Blog posts reflect the views of their authors.

Francisco José Eguiguren Praeli, President, Inter-American Commission on Human Rights

Dag Hammerskjöld, Regional Representative for South America, United Nations Office of the High Commission for Human Rights

Victoria Tauli-Corpuz, United Nations Special Rapporteur on the rights of indigenous peoples

Ben Emmerson, United Nations Special Rapporteur on the promotion and protection of human rights and fundamental freedoms while countering terrorism

Michel Forst, United Nations Special Rapporteur on the Situation of Human Rights Defenders

Mariam Wallet Aboubakrine, Chair, United Nations Permanent Forum on Indigenous Issues

Kristen Carpenter, Member, United Nations Expert Mechanism on the Rights of Indigenous Peoples

José Guevara, Chair, United Nations Working Group on Arbitrary Detention

Chrystia Freeland, Canadian Minister of Foreign Affairs

Marcel Leblue, Ambassador of Canada to Chile

Robert Goldman, President, International Commission of Jurists

Miguel Baz, President of the Board of Directors, Avocats Sans Frontières/Lawyers Without Borders Canada

Salil Shetty, Secretary General, Amnesty International

Kenneth Roth, Executive Director, Human Rights Watch

 

August 15, 2017

RE: Need for International Observers at Trial of Mapuche Elder in Chile

We are writing to you today to express our concern with the detention of Mapuche elder and spiritual leader Francisca Linconao. We urge you to send international observers to monitor her trial this fall.

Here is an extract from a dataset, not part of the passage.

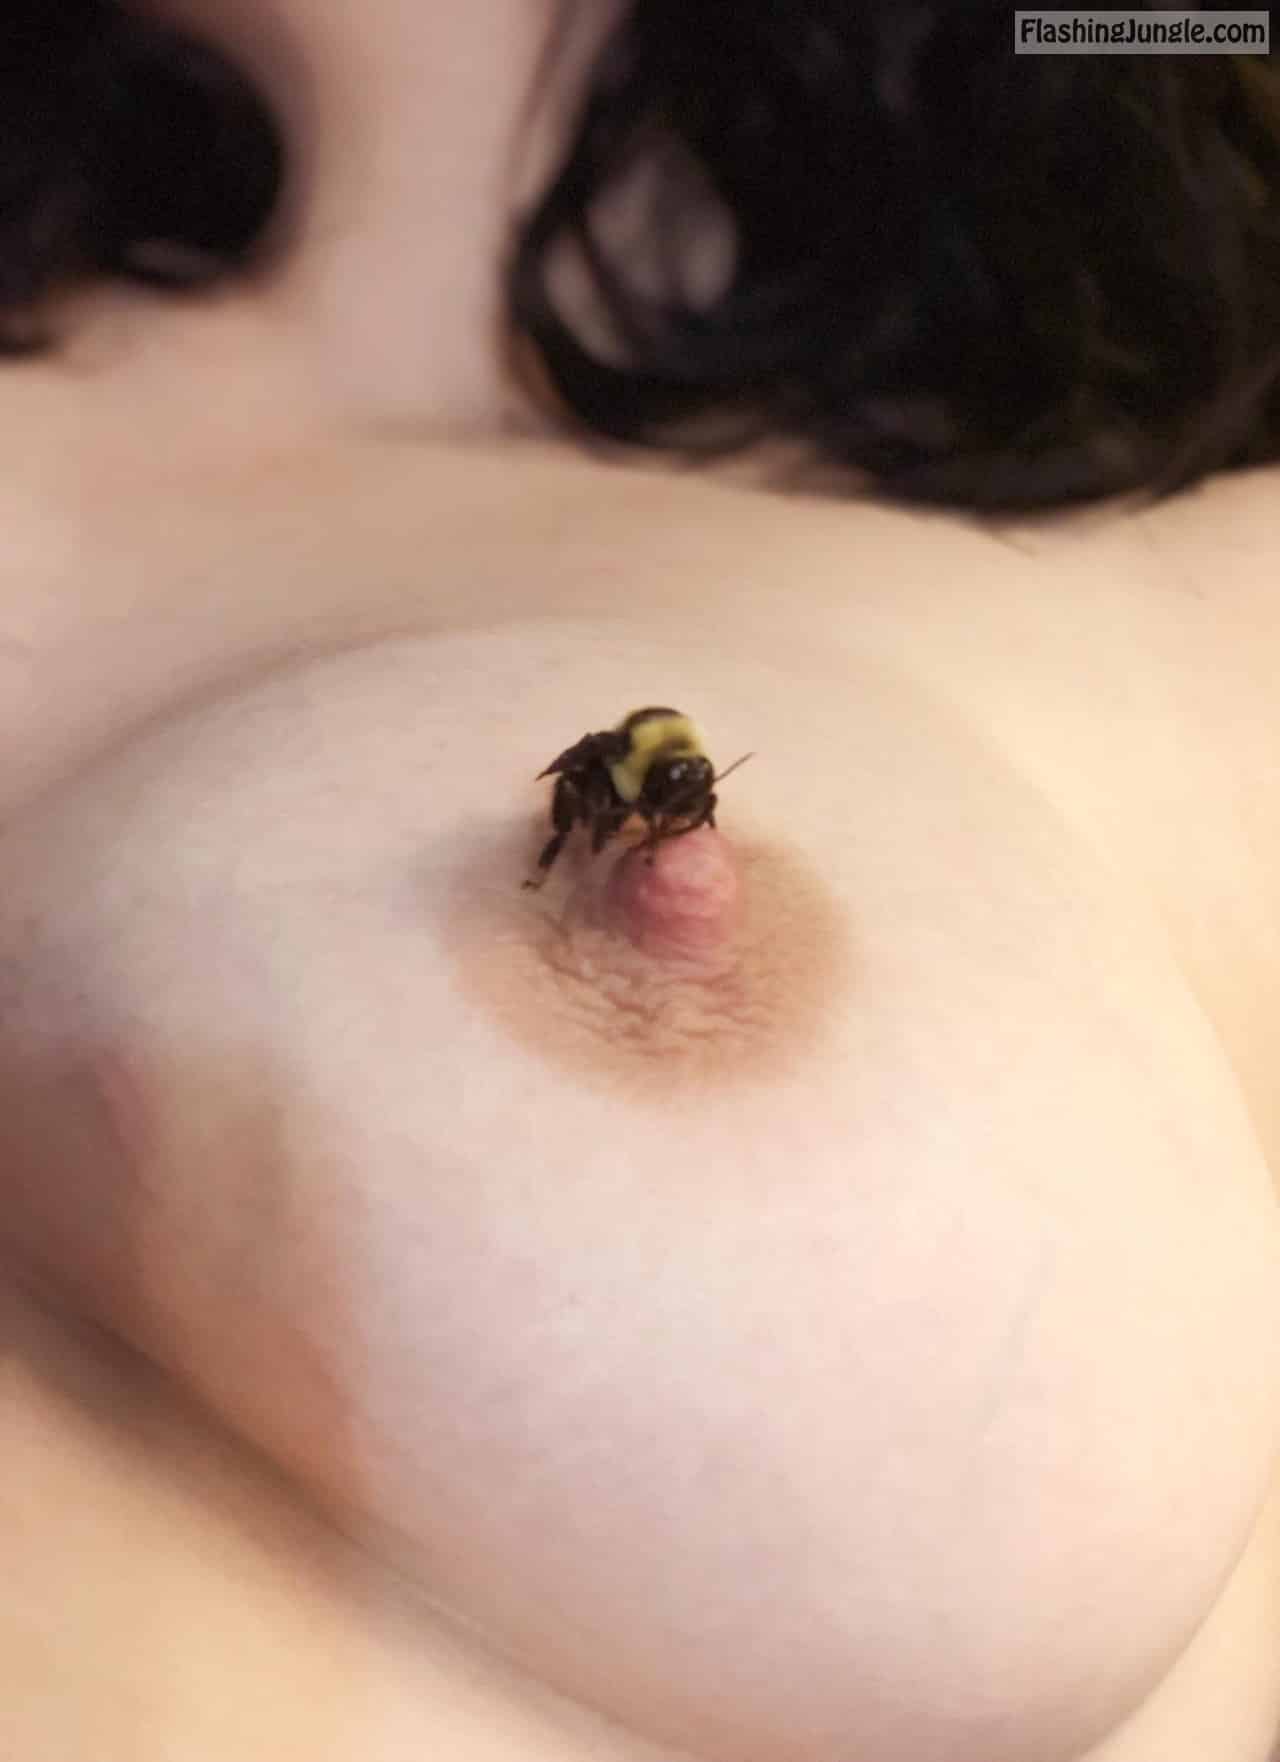 laci kay somers nipples images - Bee on nipple - Public Flashing Pics

In March 2016, Linconao was arrested and charged under Chile’s anti-terrorism law. Linconao, along with ten other Mapuche, is accused of arson. She insists that she is innocent. [i]

Linconao and the others have senselessly been held without bail since their arrest, a violation of their fundamental rights, which is made possible by the application of the anti-terrorism law. Due to her ailing health, Linconao’s lawyer applied to have her transferred to house arrest. While judges granted her request, the decision was repeatedly overturned on appeal. After a hunger strike, she was released into house arrest in early 2017. Despite a return to house arrest, Linconao is not free. She remains under house arrest, and the other accused Mapuche remain in prison.[ii]

Chile has long been criticized for its use of the anti-terrorism act to circumvent the human rights of Mapuche protesters. Introduced by Augusto Pinochet’s military dictatorship in 1984, the anti-terrorism act allows government officials and law enforcement to ignore many of the procedural rights of the accused. Among other things, the law allows for long periods of pre-trial detention, the use of anonymous witnesses, and limits on the accused’s ability to access evidence against them. The anti-terrorism laws have also allowed the Chilean courts to issue disproportionately harsh sentences for crimes such as arson and trespassing. Despite the transition to civilian rule in 1989, Chilean authorities have continued to use Pinochet’s anti-terrorist laws against Mapuche land defenders.

This use of anti-terrorism laws to detain Mapuche activists and deny their fundamental procedural rights has been widely criticized. The Inter-American Court of Human Rights condemned Chile’s use of its anti-terrorism law, and ordered Chile to annul sentences issued to several Mapuche leaders.[iii] Several United Nations councils and officials have criticized Chile’s use of anti-terrorism laws against the Mapuche, including the Human Rights Council,[iv] the Committee for the Elimination of Racial Discrimination,[v] the Special Rapporteur on the Rights of Indigenous Peoples,[vi] Special Rapporteur on the Rights to Freedom of Peaceful Assembly, and the Special Rapporteur on Human Rights When Countering Terrorism.[vii] Numerous Non-Government Organizations have made similar criticisms, including the Unrepresented Nations and People’s Organization,[viii] Amnesty International,[ix] and Human Rights Watch.[x]

In response to this criticism, Chilean authorities have apparently committed to reforming the way it applies its anti-terrorism law to Mapuche protesters. However, we believe that Linconao’s experience demonstrates that Chile has yet to halt the use of anti-terrorism legislation to circumvent the human rights of Mapuche.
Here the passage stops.